• Task:
Please return the listing exactly as it stands, skipping any pictures.

• Information shown:
::::::::

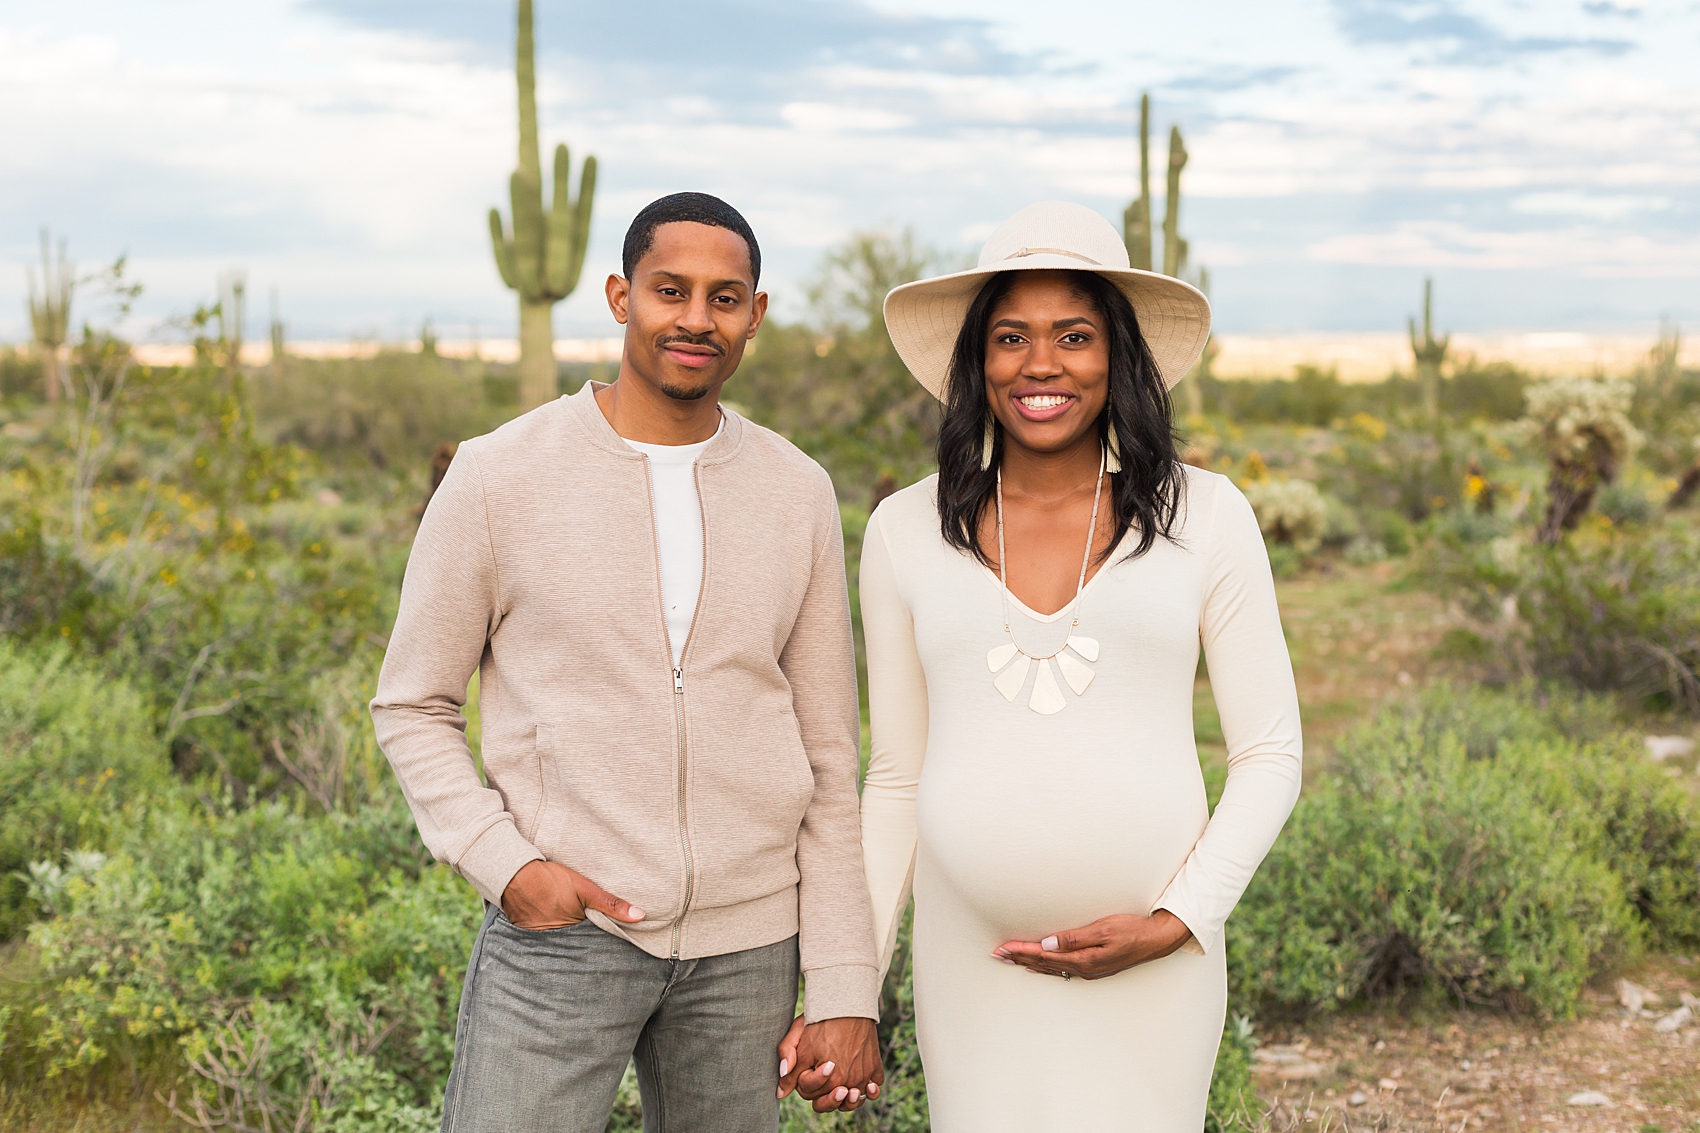 Leah Hope Photography | Scottsdale Phoenix Arizona Photographer | White Tank Mountains Regional Park | Desert Landscape Cactus Scenery | Maternity Photos | Pregnancy Pictures
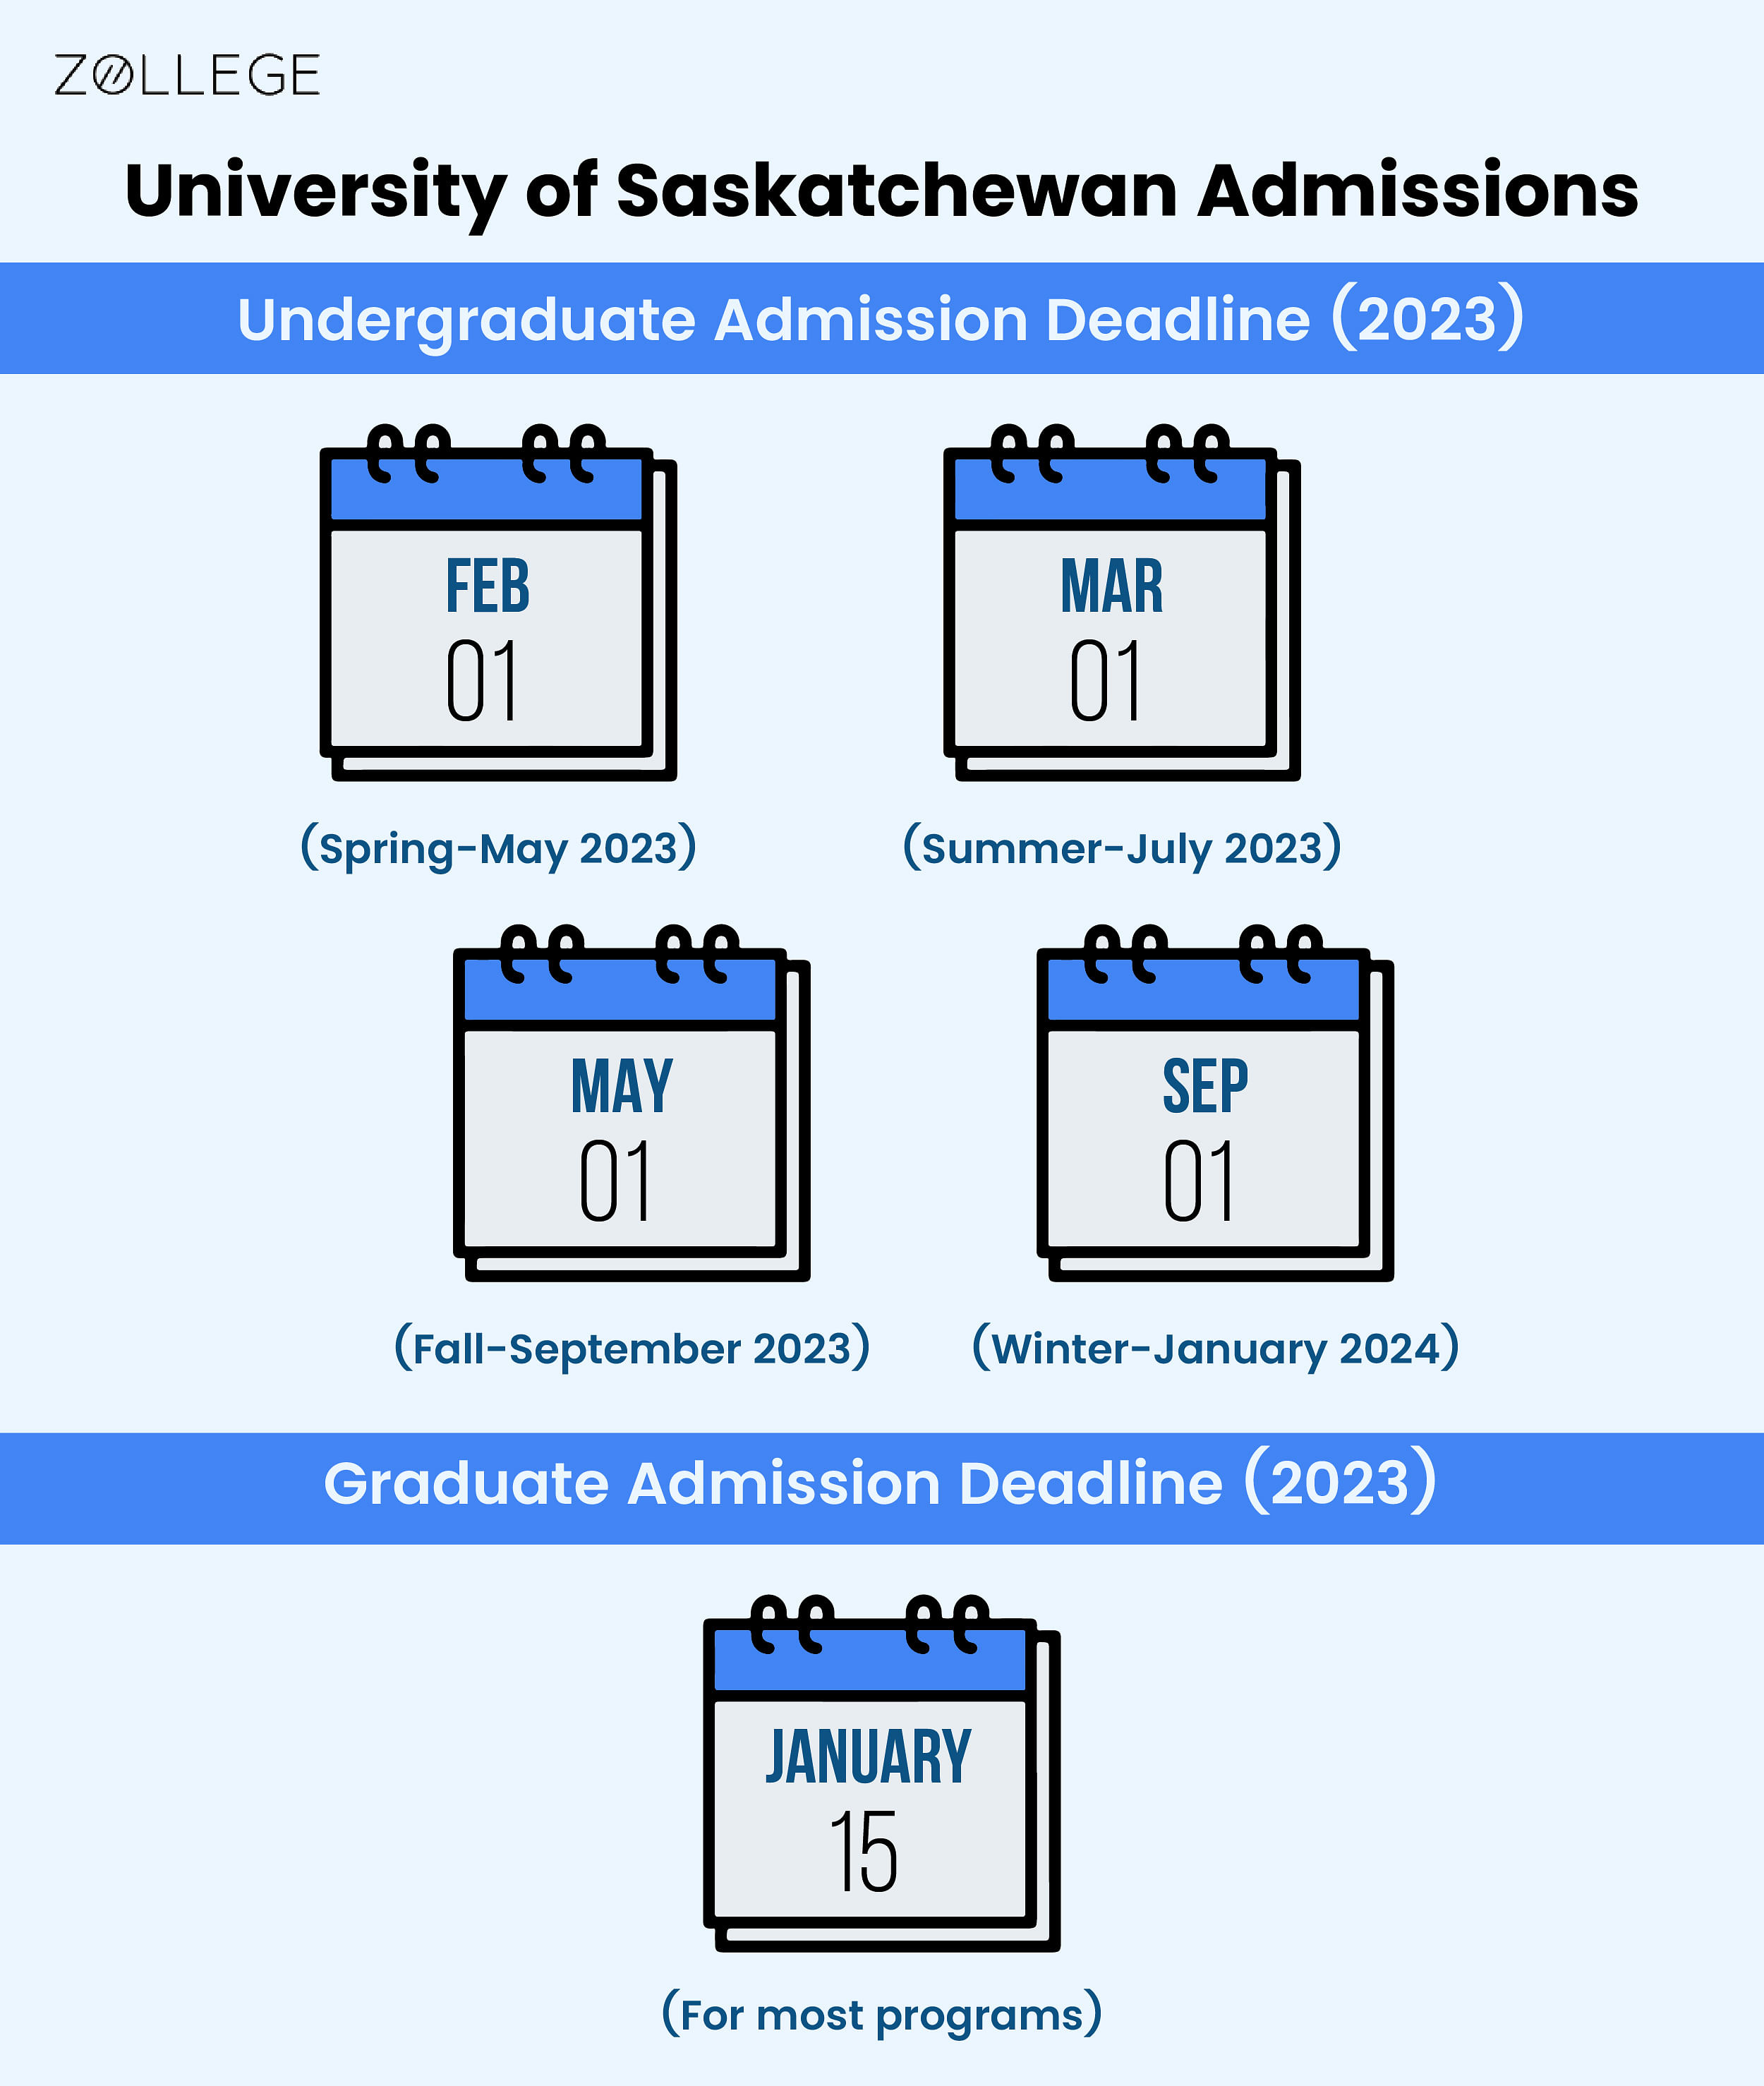 University of Saskatchewan Admissions Deadlines, Programs
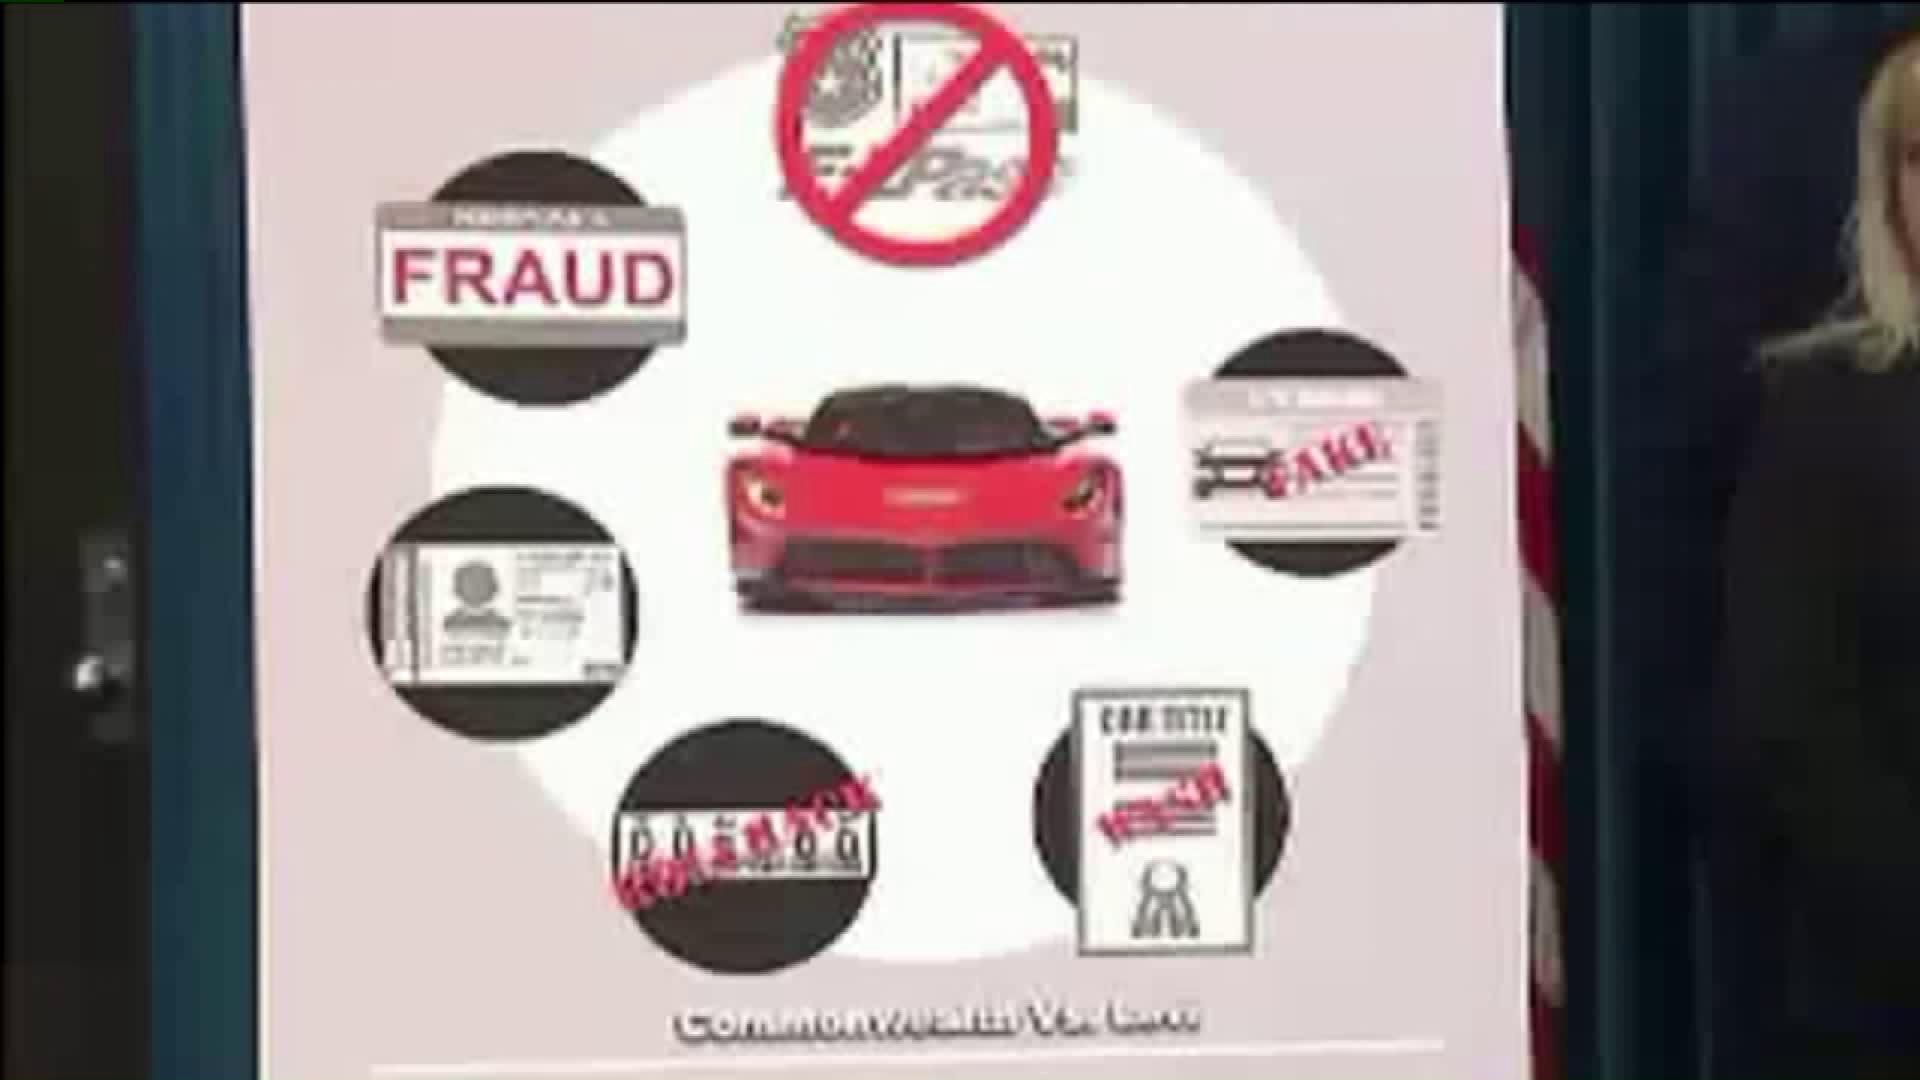 Investigation into Fraudulent Pennsylvania License Plates

::::::::

• Task output:
 Leah Hope Photography | Scottsdale Phoenix Arizona Photographer | White Tank Mountains Regional Park | Desert Landscape Cactus Scenery | Maternity Photos | Pregnancy Pictures
 University of Saskatchewan Admissions Deadlines, Programs
 Investigation into Fraudulent Pennsylvania License Plates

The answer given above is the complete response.